I remember marching Dick Lloyd (the now deceased Superintendent of  
Transportation of the Baltimore Streetcar Museum) into the  
information office at Central Station, den Haag (the Hague),  
Netherlands.   The clerk immediately spoke to him in English.    
English is the most common second language in countries in Europe  
with minority languages (Sweden, Finland, Norway, Holland, northern  
Belgium, Portugal for example).   He was astonished.   To be an  
information clerk, each person had to be fluent in Dutch (Flemmish),  
English, French and German plus one other language of their choice.    

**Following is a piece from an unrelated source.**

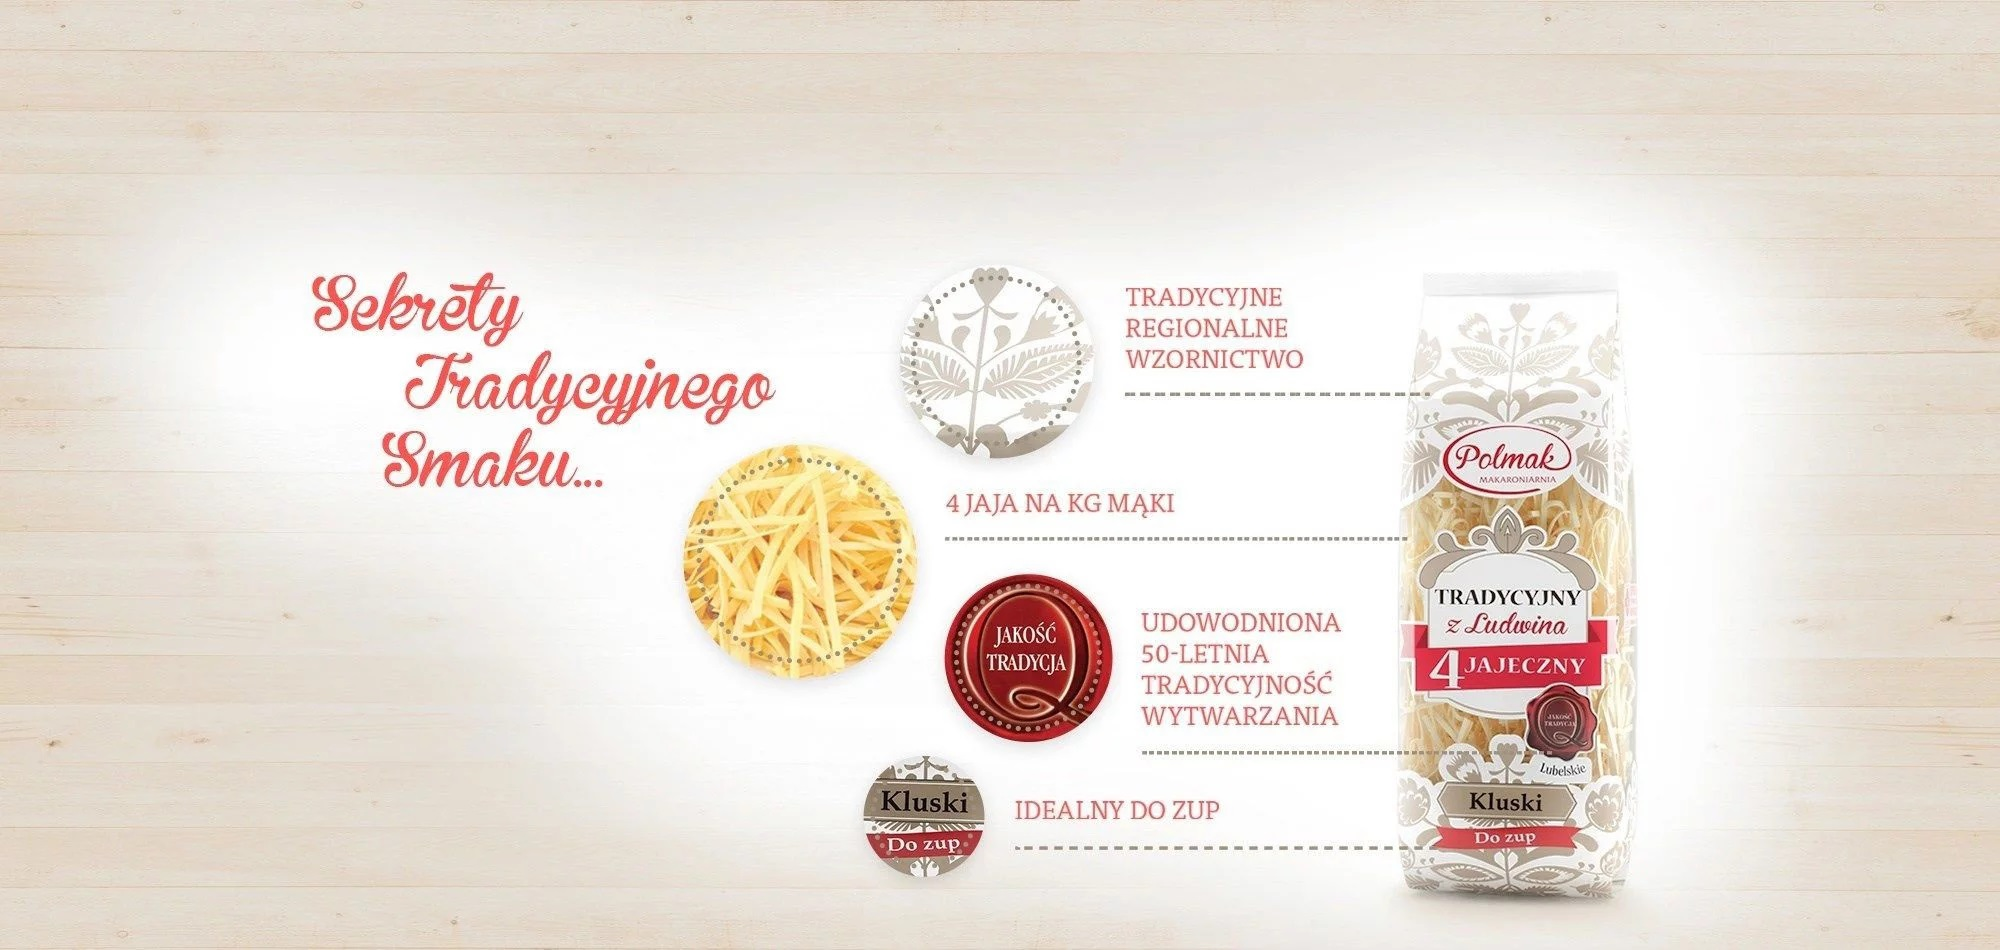 Polmak - sekrety tradycyjnego smaku

And we fight learning Spanish!

Dick got a sad lesson in how widespread English was on another  
trip.   He was critiquing a female motorman in Lisbon, Portugal in  
English.  It was obvious a supervisor was riding with her and that  
she was fairly new at the game but she was also proficient.   I was  
trying to signal Dick to muzzle his mouth but it wasn't getting  
through to him.   He felt in a Portuguese-speaking country he was  
safe.   Well, the supervisor got off to attend to something and told  
the lady to wait for a minute.   She turned around and looked  
straight at Dick and very crisply said, in English, "Does my  
operating of this car meet with your approval, Sir?"   He learned his  
lesson.   Maybe that had something to do with him landing in a London  
hospital with a stroke three days later.   I don't know.